# [TASK INPUTS]
<<<<

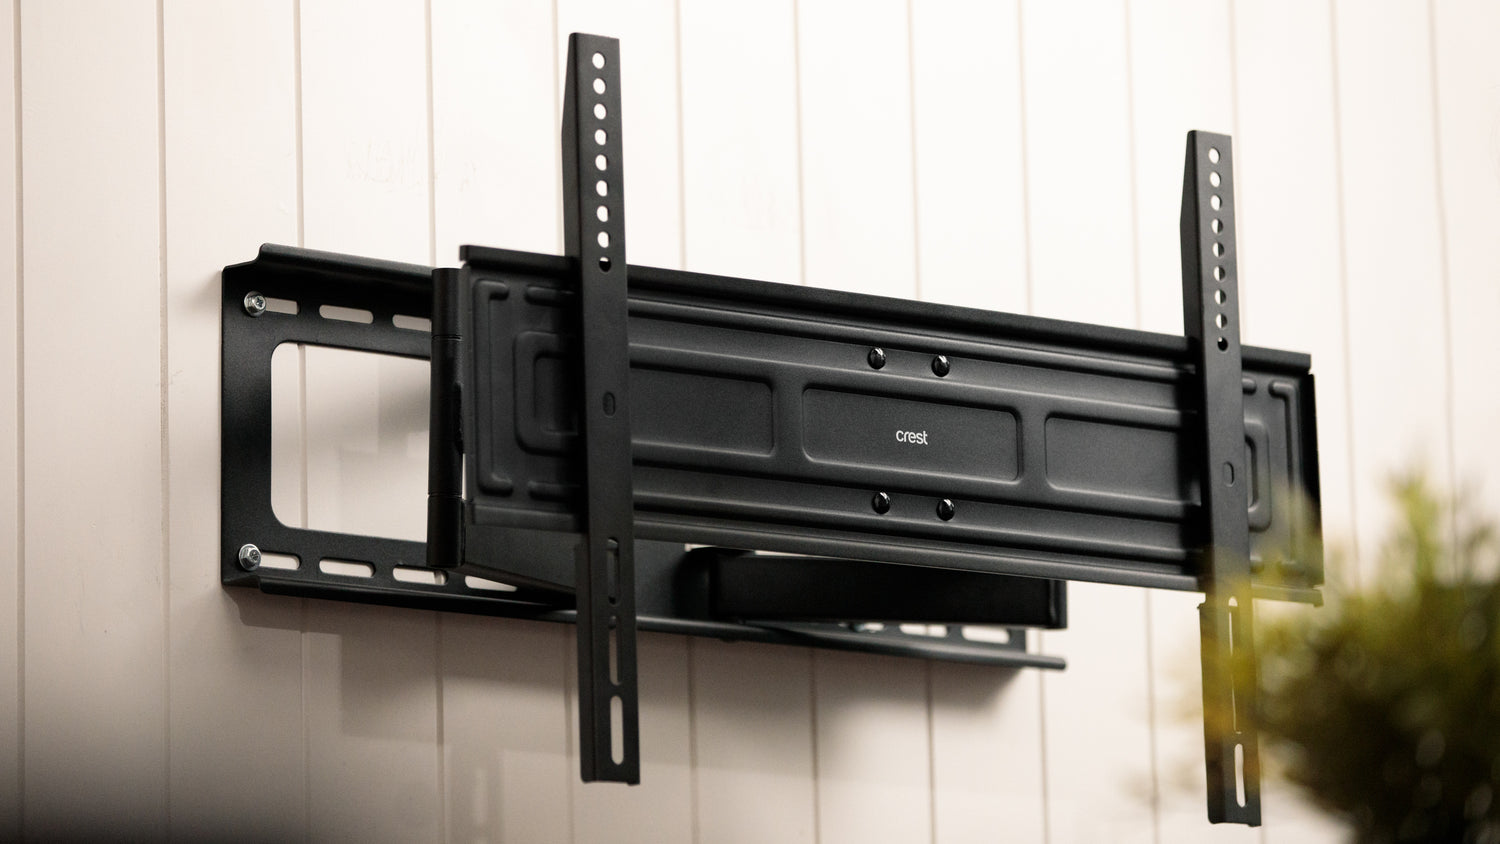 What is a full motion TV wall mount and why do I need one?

>>>>
<<<<

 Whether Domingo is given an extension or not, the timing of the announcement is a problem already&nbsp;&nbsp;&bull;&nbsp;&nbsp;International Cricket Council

>>>>
<<<<

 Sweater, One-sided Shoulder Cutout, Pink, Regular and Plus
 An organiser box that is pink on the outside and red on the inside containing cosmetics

>>>>

# [EXERCISE AIM]
Everything starting at the line containing "Sweater, One-sided Shoulder" and ending at the line containing "An organiser box" in the records above should be repeated exactly, and only that.

# [YOUR SOLUTION]
 Sweater, One-sided Shoulder Cutout, Pink, Regular and Plus
 An organiser box that is pink on the outside and red on the inside containing cosmetics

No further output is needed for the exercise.